An inclined plane is bent in such a way that the vertical cross-section is given by $$y = \frac{x^2}{4}$$ where $$y$$ is in vertical and $$x$$ in horizontal direction. If the upper surface of this curved plane is rough with coefficient of friction $$\mu = 0.5$$, the maximum height in cm at which a stationary block will not slip downward is ______ cm.

We have a curved inclined plane whose vertical cross-section is given by $$y = \frac{x^2}{4}$$. The coefficient of friction is $$\mu = 0.5$$.

At any point on the curve, the slope of the tangent gives the angle of inclination $$\theta$$ with the horizontal. We find the slope by differentiating: $$\frac{dy}{dx} = \frac{2x}{4} = \frac{x}{2}$$.
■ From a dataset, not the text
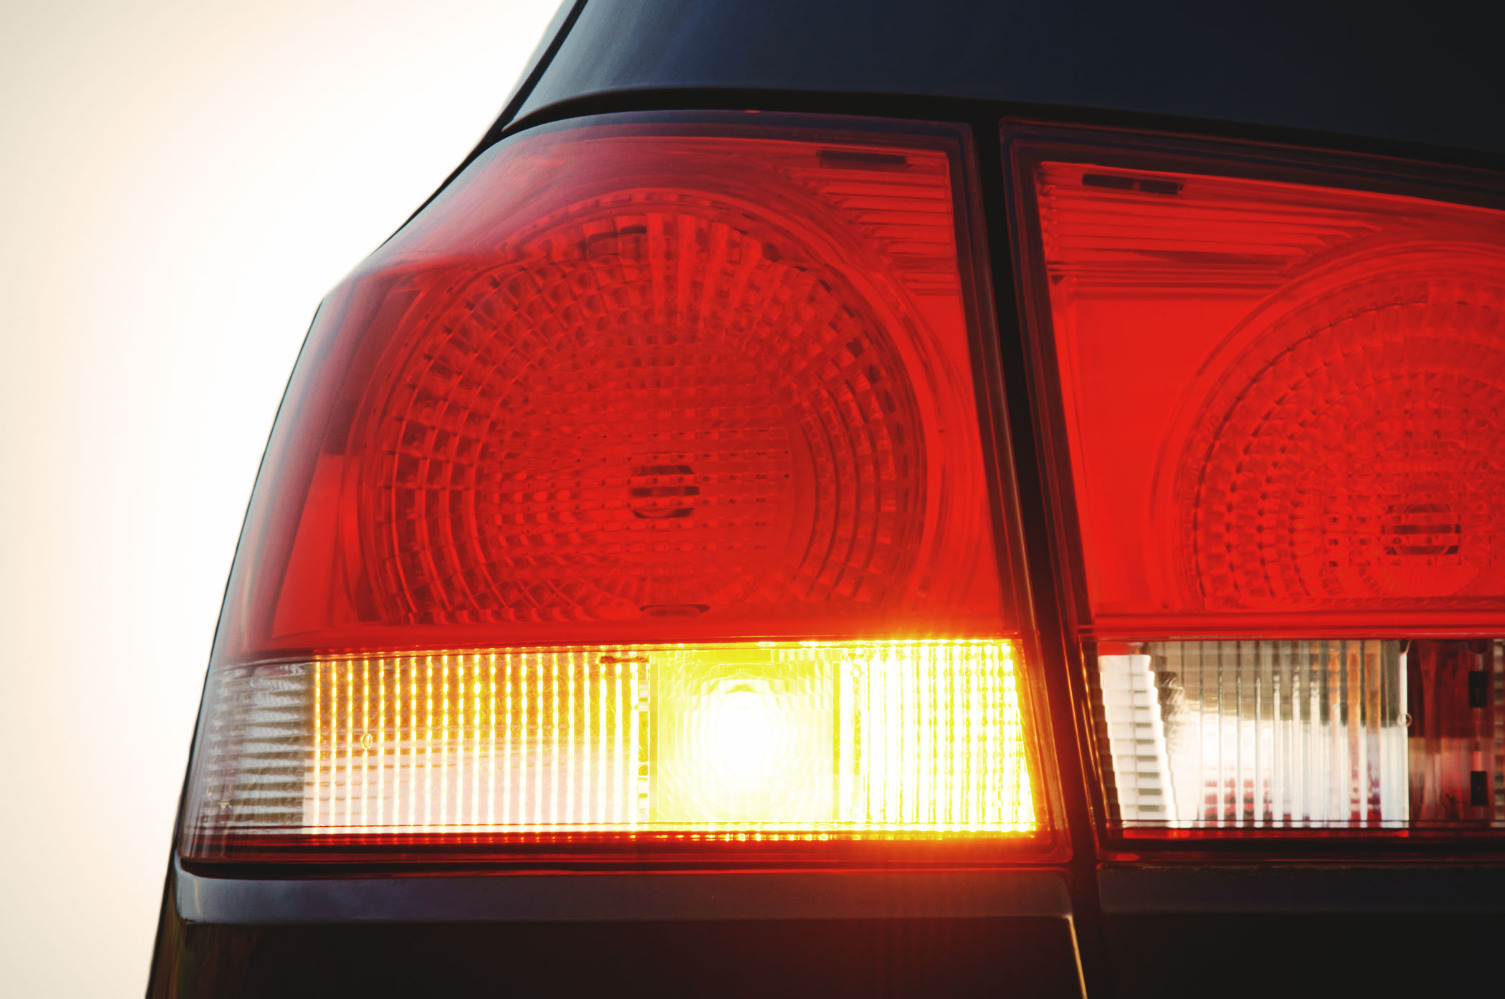 7 световых сигналов, которыми водители «общаются» друг с другом 1

Now, $$\tan\theta = \frac{dy}{dx} = \frac{x}{2}$$.

A stationary block will not slip as long as the component of gravity along the surface does not exceed the maximum static friction. This condition is $$\tan\theta \leq \mu$$.

Substituting, we get $$\frac{x}{2} \leq 0.5$$, which gives $$x \leq 1$$.

The maximum height is reached when $$x = 1$$. Substituting into the equation of the curve, $$y = \frac{1^2}{4} = \frac{1}{4} = 0.25$$ m.

Converting to centimetres, $$y = 0.25 \times 100 = 25$$ cm.

So, the answer is $$25$$.